What the robots’ programmers did was to wire up a network of computerised connections like the ones in a real brain. Then they let the robots sample lots of different kinds of music and told them what it was, like reggae, pop, and of course, Fiddian’s collection of classic punk. That way the connections in the neural network got stronger and stronger – the more music the robots listened to, the easier it got for them to recognise what kind of stuff it was. When they recognised a style they’d been told to look out for, they would dance, firing a cylinder of compressed air to make them jump up and down.

The robots’ first gig

The last step was to tell the robots to go out and enjoy some punk. The programmers turned off the robots’ neural connections to other kinds of music, so no Kylie or Bob Marley would satisfy them. They would only dance to the angry, churning sound of punk guitars. The robots got dressed up in spray-painted leather, studded belts and safety pins, so with their bloblike bodies they looked like extra-tough boxing gloves on sticks. Then the three two-metre tall troublemakers went to their first gig.

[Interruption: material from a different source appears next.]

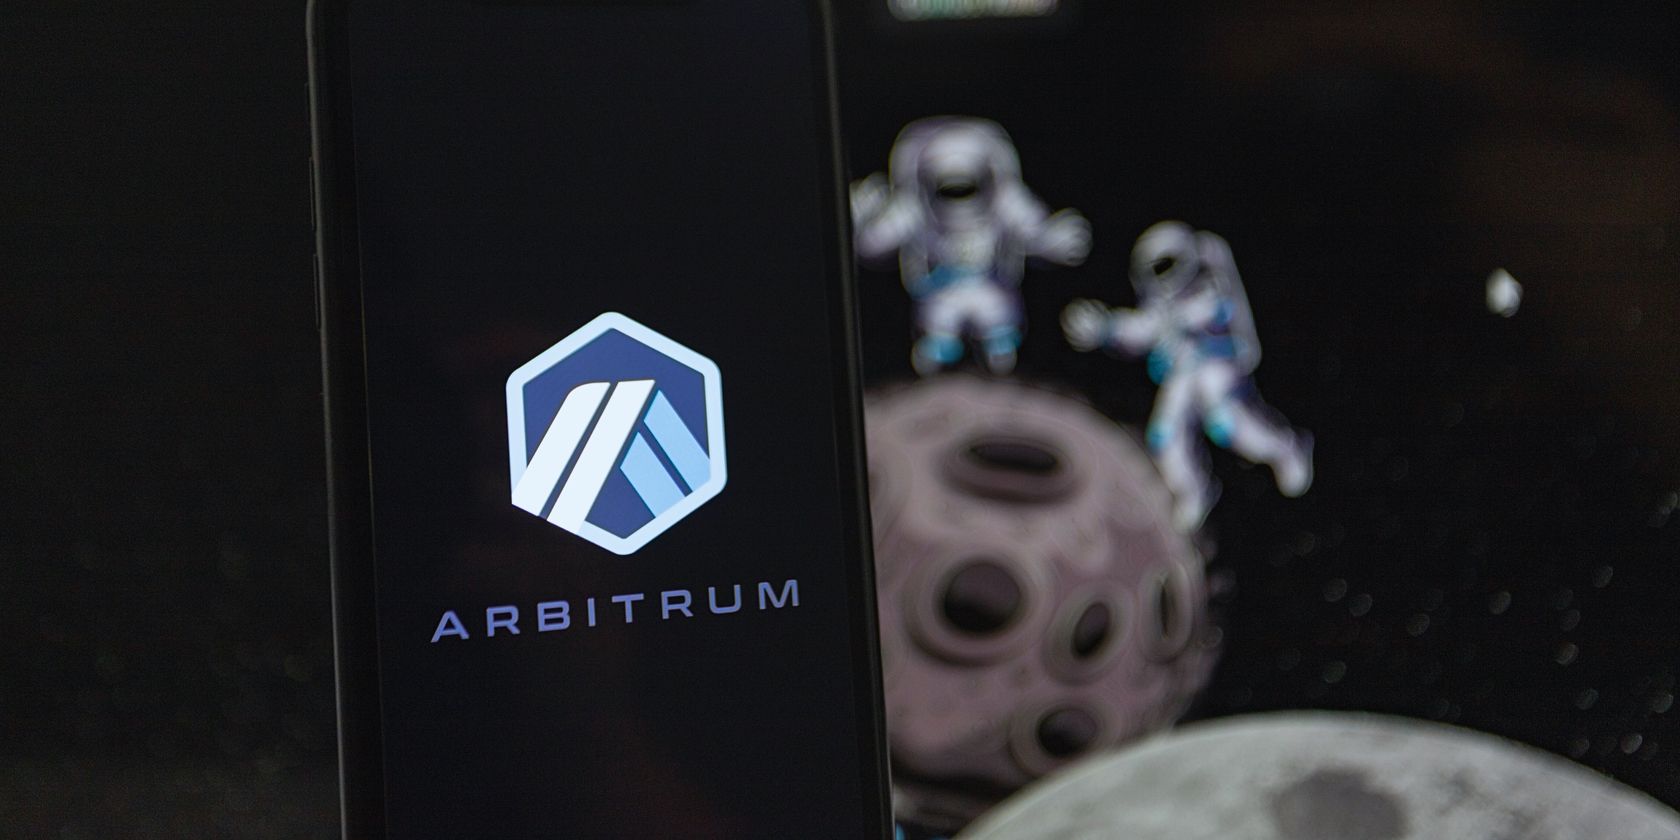 arbitrum logo on smartphone feature
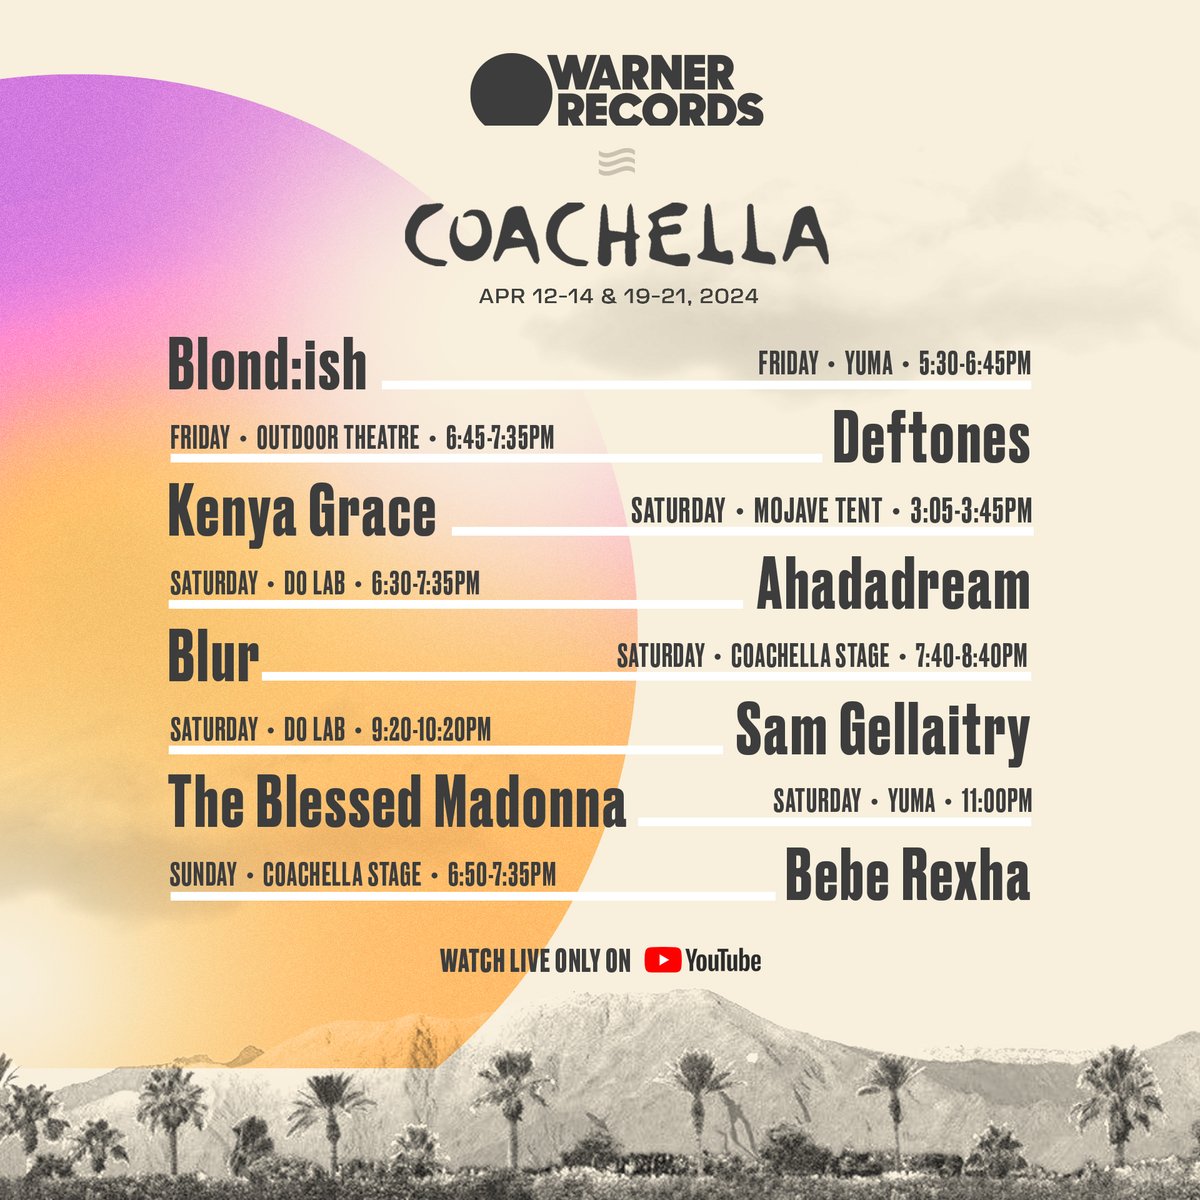 Warner Records is taking over @coachella this year! 🌵 warnerrecords.lnk.to/Coachella @ahadadream x @beberexha x @blondish x @blurofficial x @deftones x @kenyagrace x @samgellaitry x @Blessed_Madonna @majorrecs

Whenever a band begins to play, the robots’ computer system analyses the sound coming from the stage. If the patterns in it look the same as the idea of punk music they’ve learned, the robots begin to dance. If the pattern isn’t quite right, they stand still. For lots of songs they hardly dance at all, which might seem weird since all the bands that are playing the gig call themselves punk bands. Except there are many different styles of punk music, and the robots have been brought up listening to Fiddian’s favourites. The other styles aren’t close enough to the robots’ idea of punk – they’ve developed taste, and it’s the same as Fiddian’s. Which is why the robots go crazy for Neurotic and the PVCs. Fiddian’s songs are influenced by classic punk like the Clash, the Sex Pistols and Siouxsie & the Banshees, which is exactly the music he’s taught the robots to love. As the robots jump wildly up and down, it’s clear that Neurotic and the PVCs now have three tall, tough, computerised superfans.